I also feel that travel is important for kids to experience, at least once. Staying at a hotel, dealing with getting around, seeing all the people from all over, etc., is imo a valuable experience for kids. It let's them see a different world from where they live, and know there's more out there.

Actually, when they are using my tax dollars to subsidize their children's meals-yes, I have every right to have an opinion on how someone decides to use their money.

If she didn't want an opinion, she easily could have left that information out of her original post. I still have no idea why that information was originally disclosed...
 
You don't get a say in how grandpa spends his money, it's his to spend as he chooses. He's not the one receiving aide.
 
You don't get a say in how grandpa spends his money, it's his to spend as he chooses. He's not the one receiving aide.
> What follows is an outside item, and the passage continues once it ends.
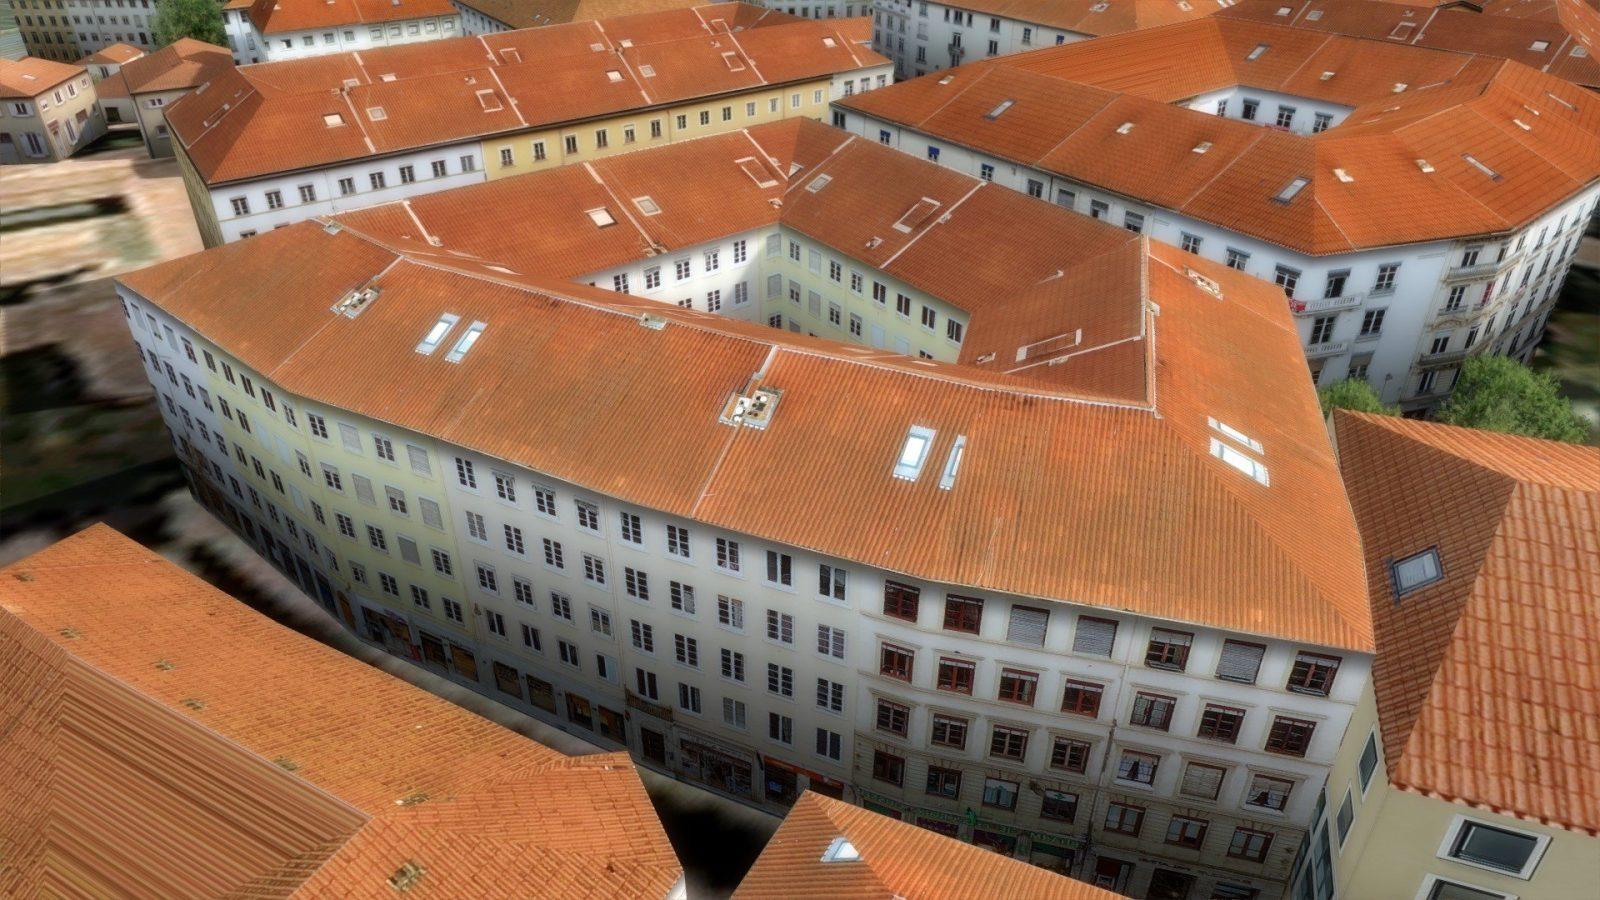 orbx-buildings-hd-previews-9-1600x900.jp
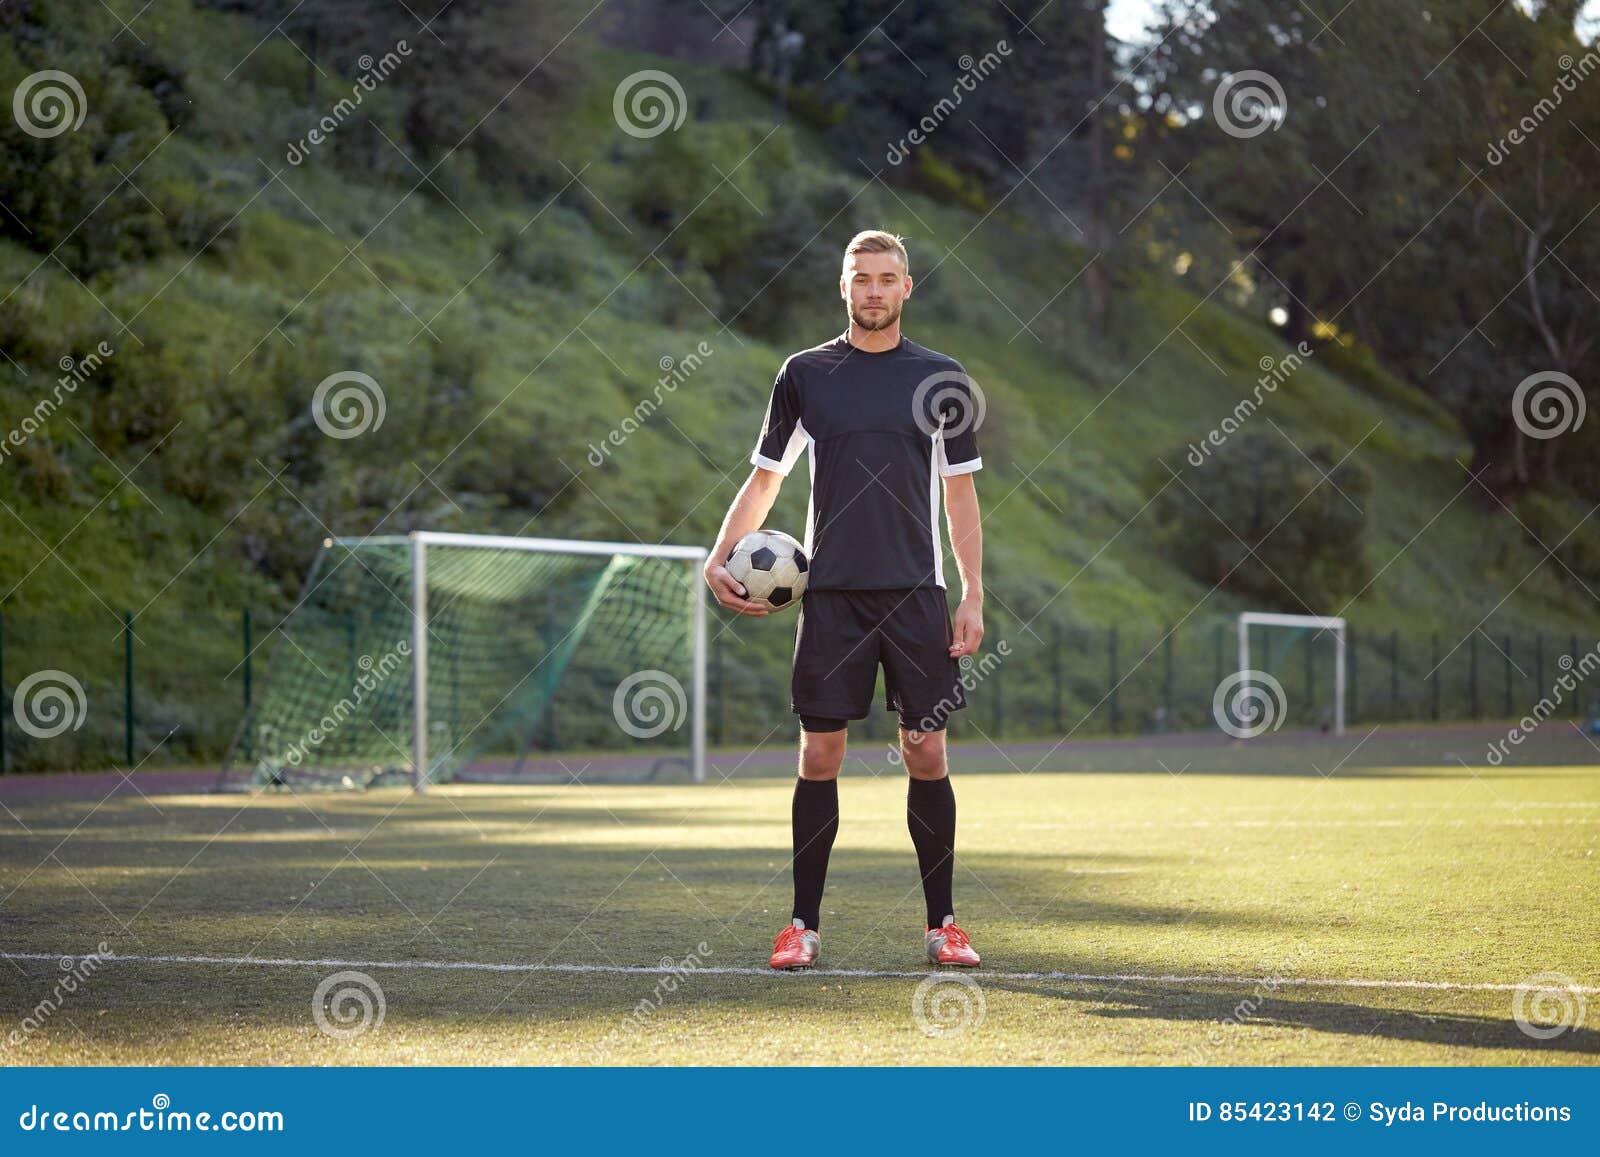 Футболист с шариком на футбольном поле

Did you see the post upthread that quoted a post where OP said she had saved for this trip for 5 years?
 
You don't get a say in how grandpa spends his money, it's his to spend as he chooses. He's not the one receiving aide.

I suppose though it depends which version of the OP's story you believe - is it a gift trip or did she save for five years?
 

Now she's says it's a gift, I have no reason to think otherwise. Her father faced a major surgery and it's common afterward to want to do things with your family.
 
I'm a grandma. I recently paid for the bulk of a trip for all of our kids, including the adult ones.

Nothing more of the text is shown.